Виктору Погудину было 28 лет, когда он оказался в зоне катастрофы на Чернобыльской АЭС. Сибиряка встретили безлюдная Припять и зашкаливающие от радиации дозиметры. Смелый штурман на вертолете перевозил ученых и других ликвидаторов и согласился 10 минут провести над горящим четвертым реактором. К 35-летию страшной катастрофы он вспомнил, что больше всего испугало в те дни, откровенно рассказал о секретных лекарствах, которые ему пришлось принять перед полетом, и где ему было страшнее — на войне в Афганистане или над пылающим реактором.
Мы подготовили для вас видеоисторию. Глядя на улыбчивого сибиряка, трудно догадаться, через что ему пришлось пройти. Послушайте смелого ликвидатора — ему есть что рассказать про чернобыльскую катастрофу.
«Кто понимал, что это такое — радиация?»
В 1986 году Виктор Погудин служил в Житомирской области. Его с сослуживцами по тревоге подняли 4 мая и отправили в Чернигов. Информация об аварии на Чернобыльской АЭС была засекречена, поэтому о предстоящем задании штурман эскадрильи мало что знал.
— Слухи ходили об аварии. Но какой масштаб — никто не представлял и не беспокоились особо. Нас привезли самолетом. Чернигов находится примерно в 70 километрах от места катастрофы. Почти сразу начали инструктаж в училище. Первые дни нас готовили к сбросу грузов и полетам над реактором, но впоследствии отменили эти сбросы. Умные головы нашлись, сказали, что смысла в этом нет никакого, а опасность очень высока. В итоге у нас было задание перевозить ликвидаторов, ученых, рабочих, разные грузы. Два дня давали лекарства какие-то секретные, чтобы щитовидную железу защитить от радиации. Под ухом от них время от времени еще покалывает. Лекарство очень сильнодействующее было, — вспоминает ликвидатор.
Тогда он не представлял, с чем придется столкнуться.
— А кто тогда такую радиацию проверил на себе? Кто понимал, что это такое? Зона 30-километровая в основном была заражена на запад — лес погиб моментально. Туда был направлен основной шлейф. Далеко разлетелись осколки урана. Даже в Припяти в 12 километрах от взрыва на гостинице находили осколки радиоактивные. Прежде чем туда высадить людей, группа там всё обследовала.

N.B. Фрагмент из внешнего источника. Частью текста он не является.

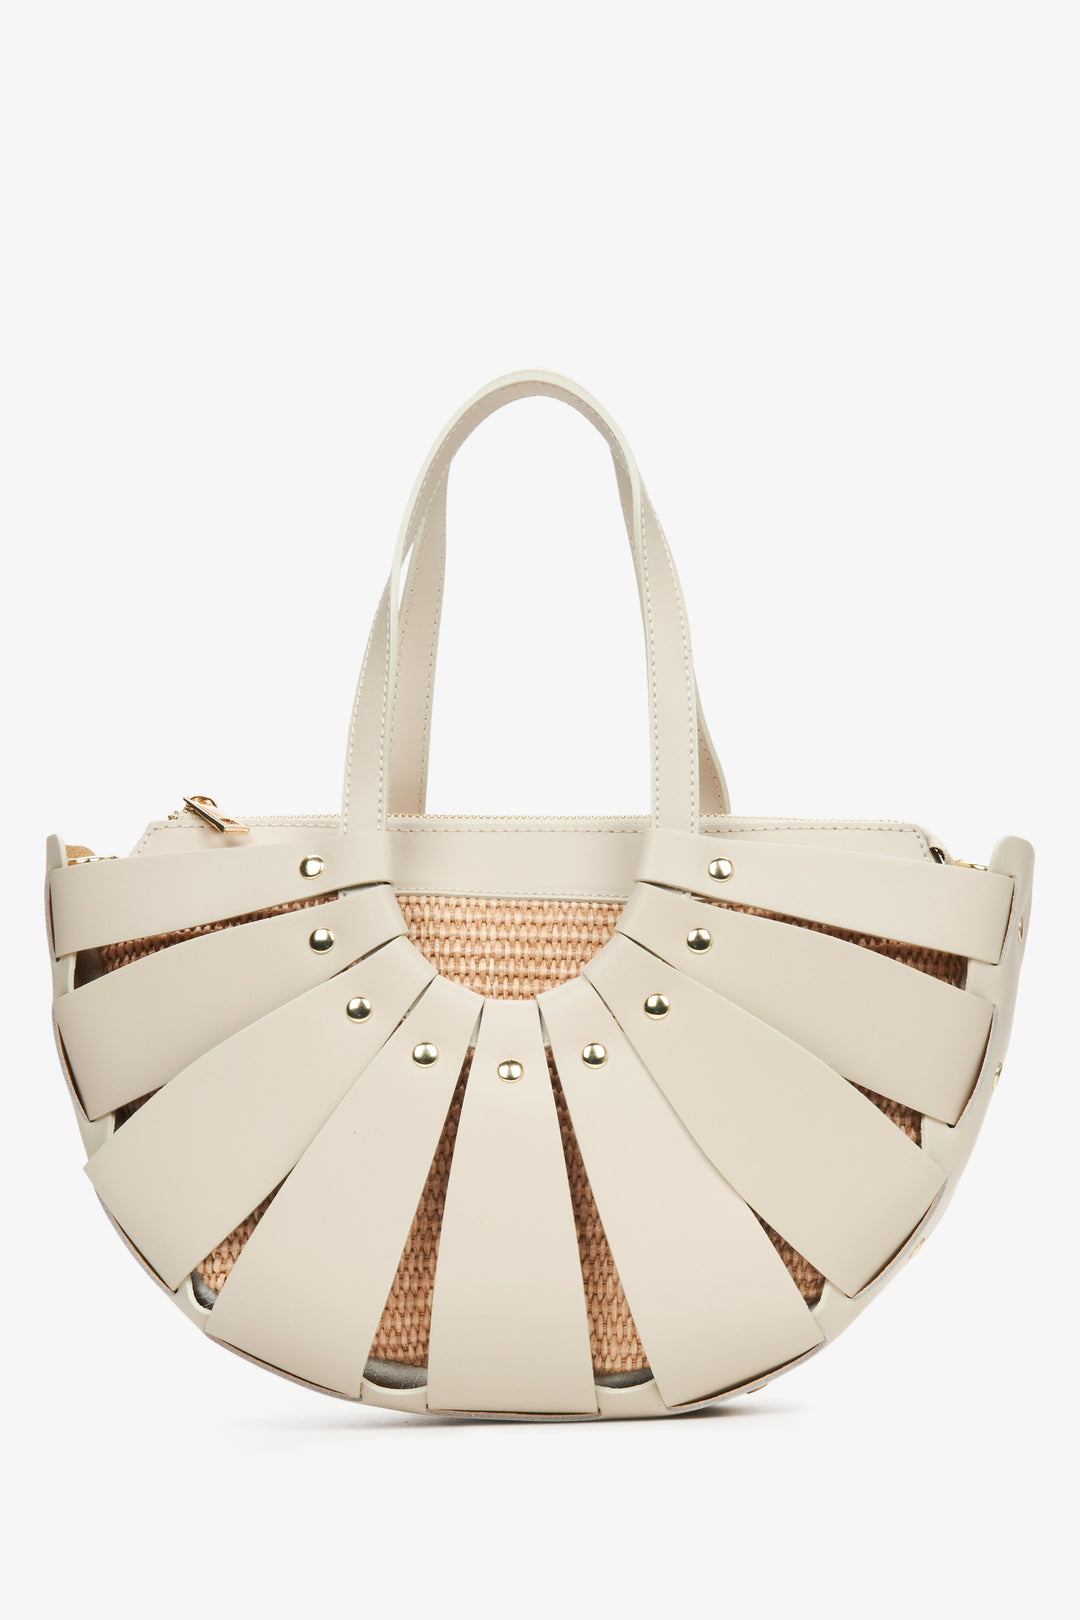 Estro beige leather women's handbag.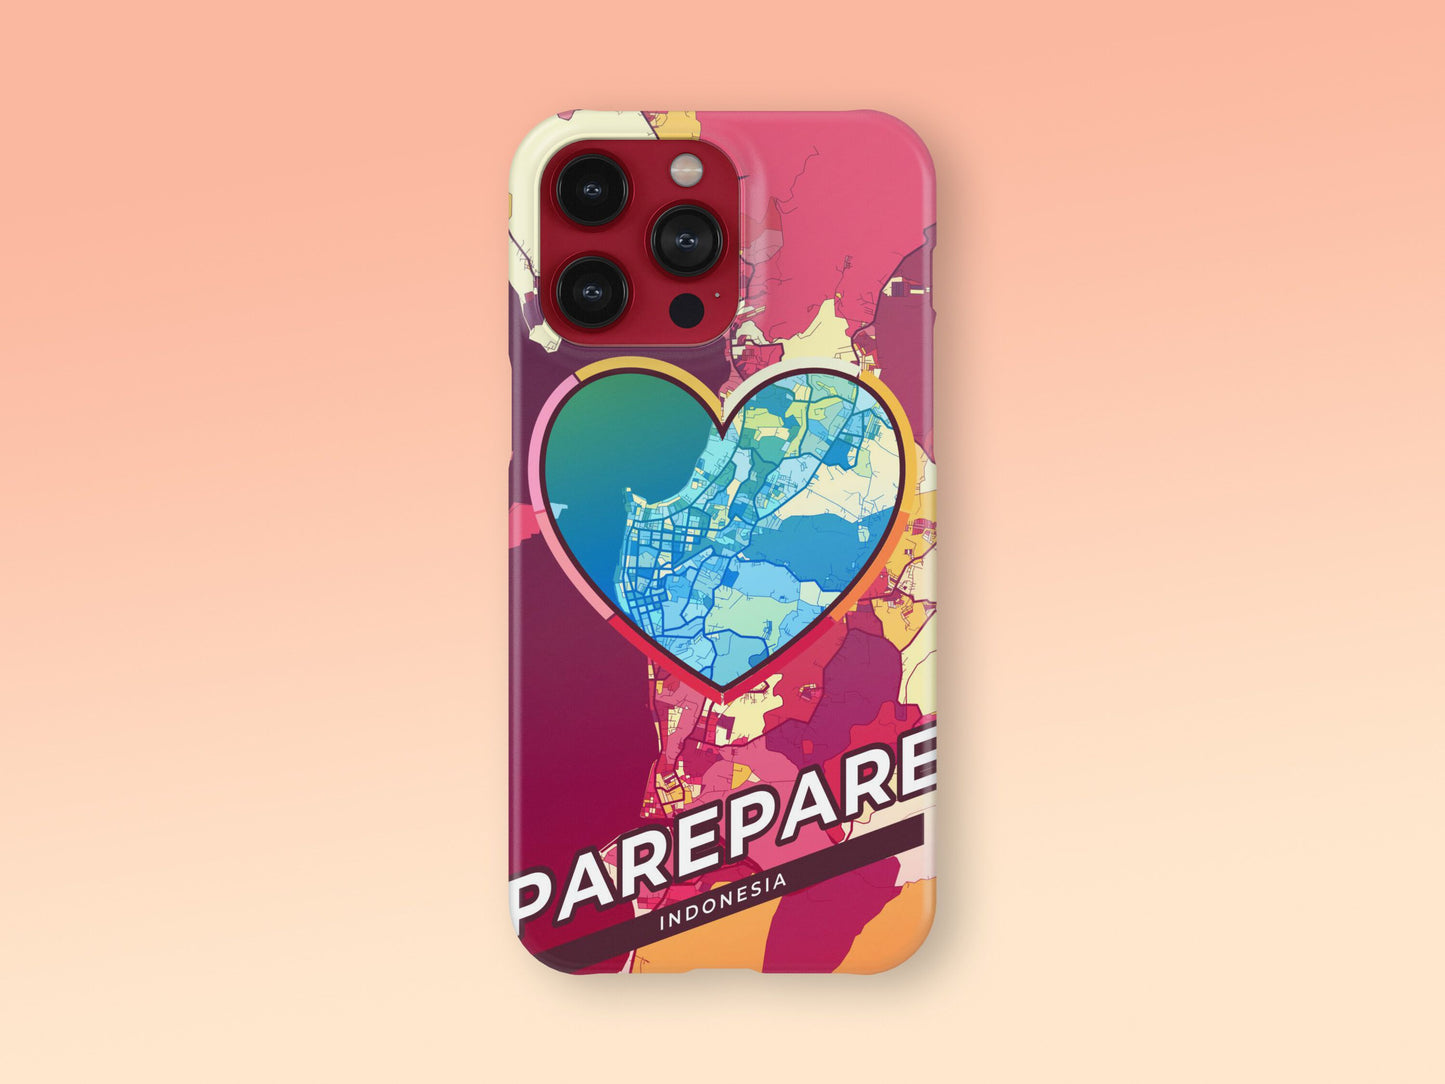 Parepare Indonesia slim phone case with colorful icon 2

Все вещи скинули на землю, подбирали и в контейнеры складывали. Мы возили оперативную группу на могильники, куда захороняли все продукты, одежду. Всё хоронили, что могли. Хотя проверяли дозиметром — они вроде были нормальные. Мы даже сок пили, — смеется Виктор Погудин.
Сейчас те дни он вспоминает спокойно, хотя признается — сериалы и фильмы о катастрофе смотреть до сих пор не может.
— Когда ты сам все это своими глазами видел, смотреть не особо хочется. Что меня очень сильно поразило в первый же день — это сама Припять. Город стоит — молодой, красивый, чистый, и ни одного человека. Город-призрак. Так — кошка где пробежит, собака. И все осталось в квартирах. Были случаи, когда приходили в зону люди и грабили квартиры. Мы их успешно ловили. Но вот эта картина, эта пустота никак не соотносилась с самим понятием жизни.
«Вспышки радиации над реактором были 800, 1500 и даже 2500 рентген в час»
Уже в Припяти Виктор Погудин узнал подробности аварии и о страшных событиях первых дней.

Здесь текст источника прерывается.